2017 was a year of new technology, emerging competition, and better insights. 2018 is all about honing your digital marketing strategy and figuring out how best to stand out. As you gear up for your first quarter of the year, a strong strategy can lead to higher sales, new customers, and sustainable long-term growth.
Things we already know:
Trying to reach 18-35 year-olds? Good luck doing so through online ads and banners. In fact, one study found that users between the ages of 18-35 are more likely to ignore online banner and digital ads more than those on TV and radio or even in newspapers.
“Moreover, 54% of internet users don’t click on banner ads simply because they don’t trust them,” - Jeremy Goldman, Inc.com.
People crave validation and referrals. Need to make a quick decision on what new shoes to buy? Ask a friend. Looking to get a new car? Ask your resident car aficionado. Curious what new country you should travel to? Check out your favorite travel blogger’s site. Customers aren’t spending less; they’re simply asking more questions. Partner programs and channels let companies get ahead of the conversation and help influence whose speaking about their brand and which customers they’re attracting.
As a modern marketer, community manager, or founder; it's up to you to stay up to date and be heard through the mess of online ads and ad blockers. But how? Here are a few things you should try in 2018.
The biggest problem with companies that dive into influencer marketing or large partnerships is that they focus too much on the partner’s brand and not enough on who they’re speaking to. It’s easy to pop open google and look up Instagram’s Top 100 Accounts, but it isn’t always easy to predict how much ROI working with those partners would provide.
It’s okay — we’ve all been there. Social media influencers, large partners, and big splashy campaigns are sexy. Working with people that speak directly to your potential customers, however, is even more enticing. Instead of focusing on a big splash ad or working with large social media influencers, try focusing on partners that connect with your ideal customer.
Start by creating a customer persona: who are they, what do they do, how many times do they need to interact with you before they buy, what problem are you solving for them? Now take a step back. Where do these people hang out online? What do these people do for entertainment? When do you want to reach them? Now, think about who owns the places these people hang out on.

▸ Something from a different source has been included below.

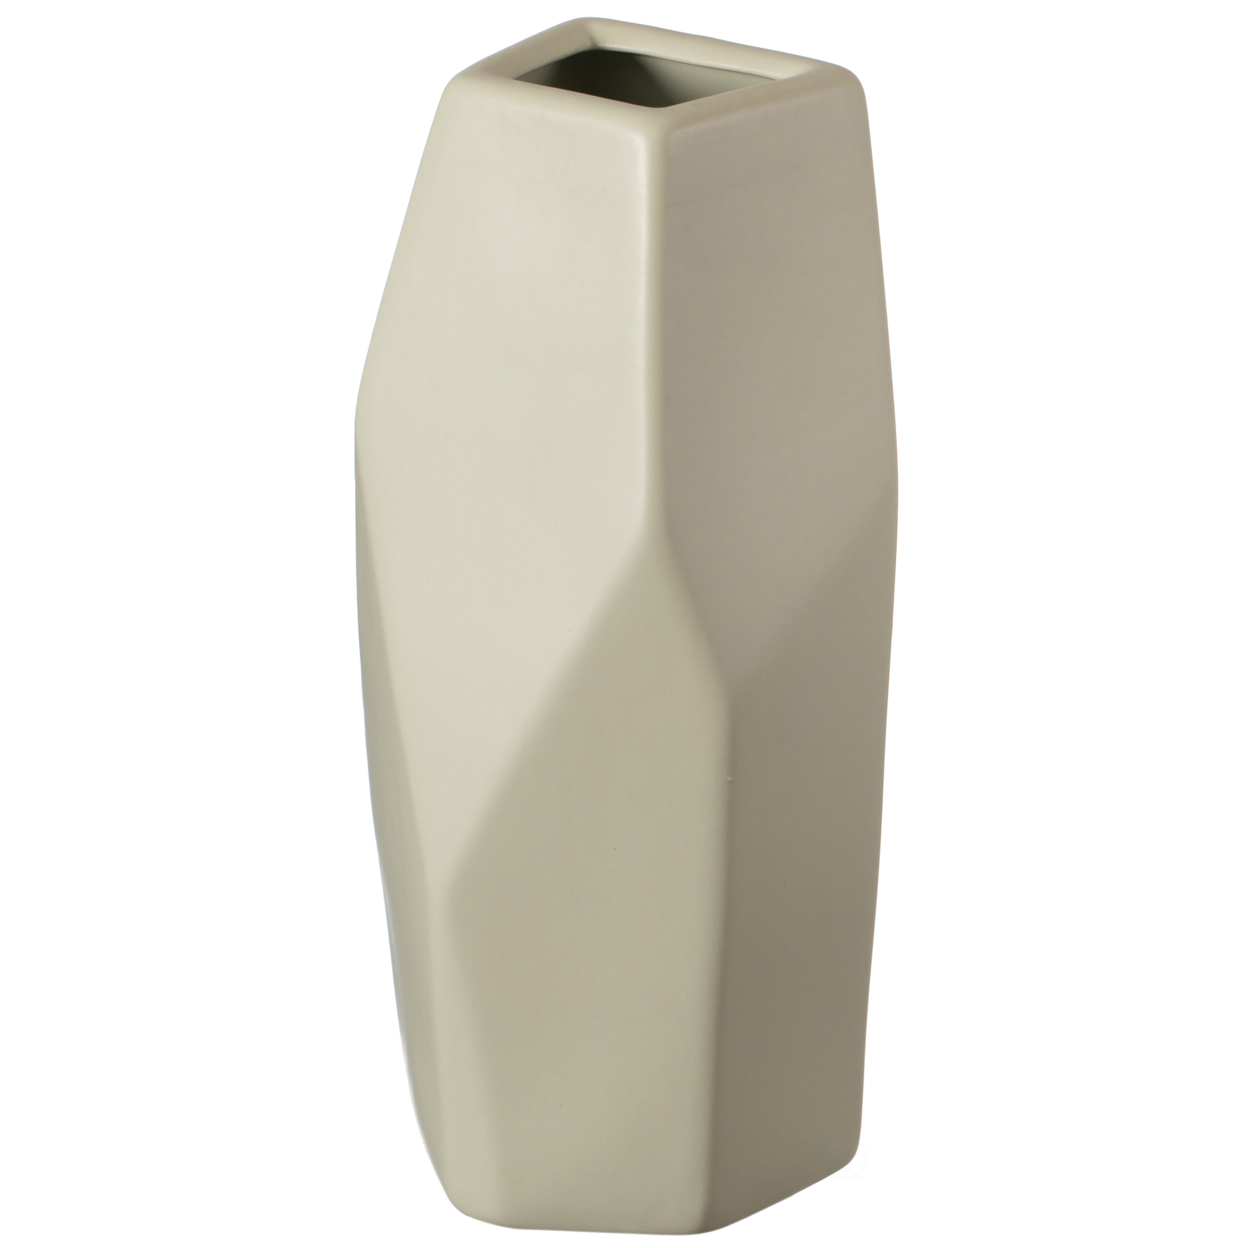 Decorative Ceramic Multi Paned Vase, Modern Style Centerpiece Table Vase - Beige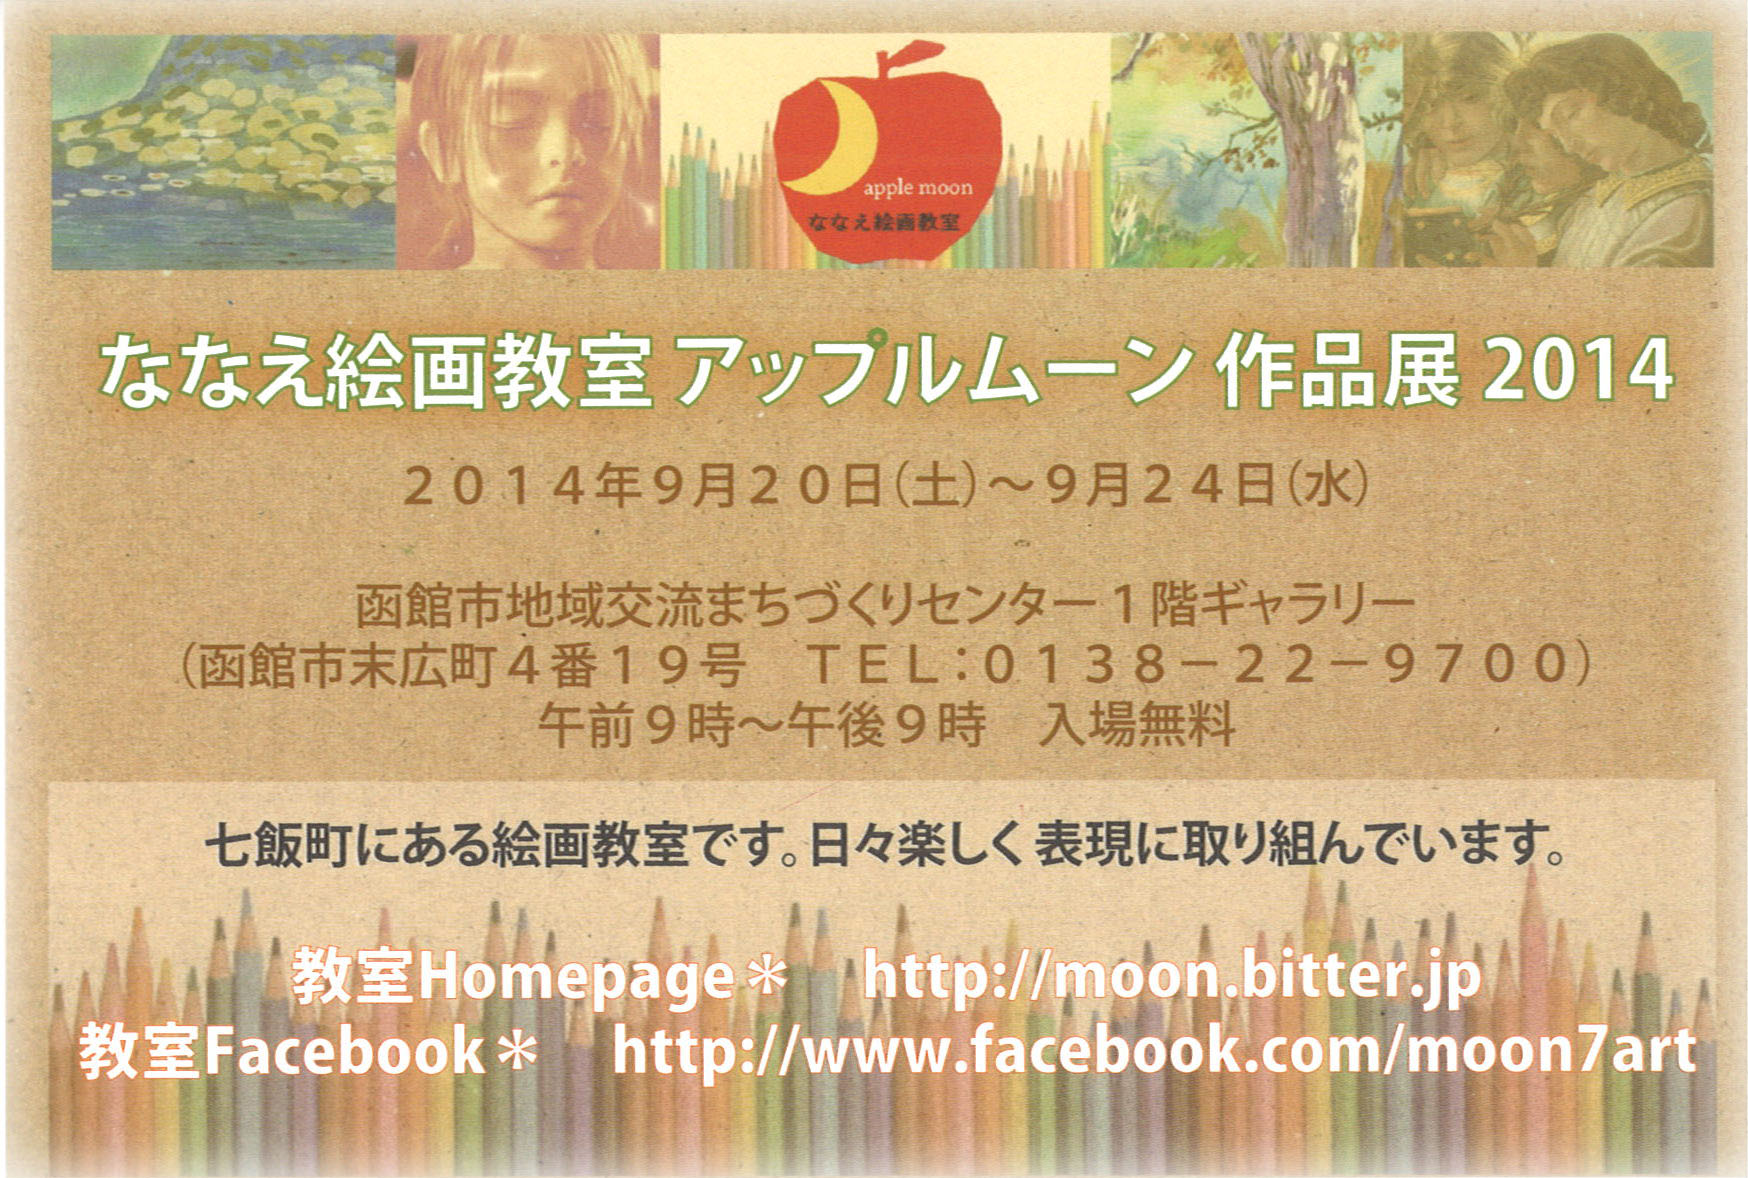 http://hakomachi.com/diary2/images/postcard.jpg

If your ideal customer is a casual consumer that’s interested in wilderness activities and travel, look at travel bloggers that connect with those people. If you’re looking for a young urban professional that’s looking for a date, try thinking about when’s the right time to reach them? Is it on their commute? Is it late at night? What platforms and who are they interacting with at that time?
It’s easy to fall into the trap of thinking about ‘what do our customers want to hear.’ Instead of fixating on copy changes and graphics fixes, experiment with timing. There’s nothing more powerful than hitting the right customer at the right time with the right proposition.
Think about a time where you were on vacation, you did something crazy — entirely out of character, not because you overthought at the moment. As a marketer, try experimenting with ‘finding those moments.’
For example, if you’re a B2B software company and you’re looking to influence someone to make a purchase. Think about where your ideal buyer is and what they’re thinking at the time. If your buyer is at work and they’re roaming LinkedIn, they’re more likely to interact with your link than perhaps in their spare time or on another social platform. After all — most people aren’t looking to purchase $60,000/year software while perusing Facebook on their bathroom break (even if they’re the right person). It’s all about timing.
It seems simple, but the content strategy is unbelievably important and challenging to get right (the first time). Creating a balance of helpful content and community-oriented campaigns can improve not only your conversions but also your NPS. If you’ve already figured out who your ideal customer is, now work on making them happy and successful.
Although customer success is a great way to keep your customers engaged and on track — it's better to equip them to be independently successful and excited about your product. Instead of focusing on content for the sake of SEO and sales, try experimenting with feel-good content and spotlights.
Have a client that’s performing super well? Build content around them and share it with your feed and customers. Have a partner that’s performing particularly well? Share their achievements with the rest of your community.
By celebrating the results of your partners and clients (or even your customer stories), you’re setting up new goals for your community to strive for.
An OK metric is when someone becomes satisfied with their performance and doesn’t believe they can improve anymore. A popular example of this when people start learning how to type, they practice, they strive for faster; more accurate results, and then nothing. We’re done improving. Although some people may be happy with their results and quickly forget how they learned in the first place, by pushing to be more than OK you learn new ways to move the dial.
Start by experimenting with a more prominent challenge for your partners, see how they respond. If a few of them exceed your expectations, share their success with your cohort. Often when partners understand where they stand amongst their peers, they’ll challenge themselves to keep up or excel further.
A new year is a great time to start experimenting with new tactics and suggestions. The most important thing to think about while testing out new experiments is how they’ll affect your primary goals. Work backward, explain your thought process to your team, and think about how each experiment is helping contribute to your goals. More importantly, strive to get it ‘a little right’ not perfect.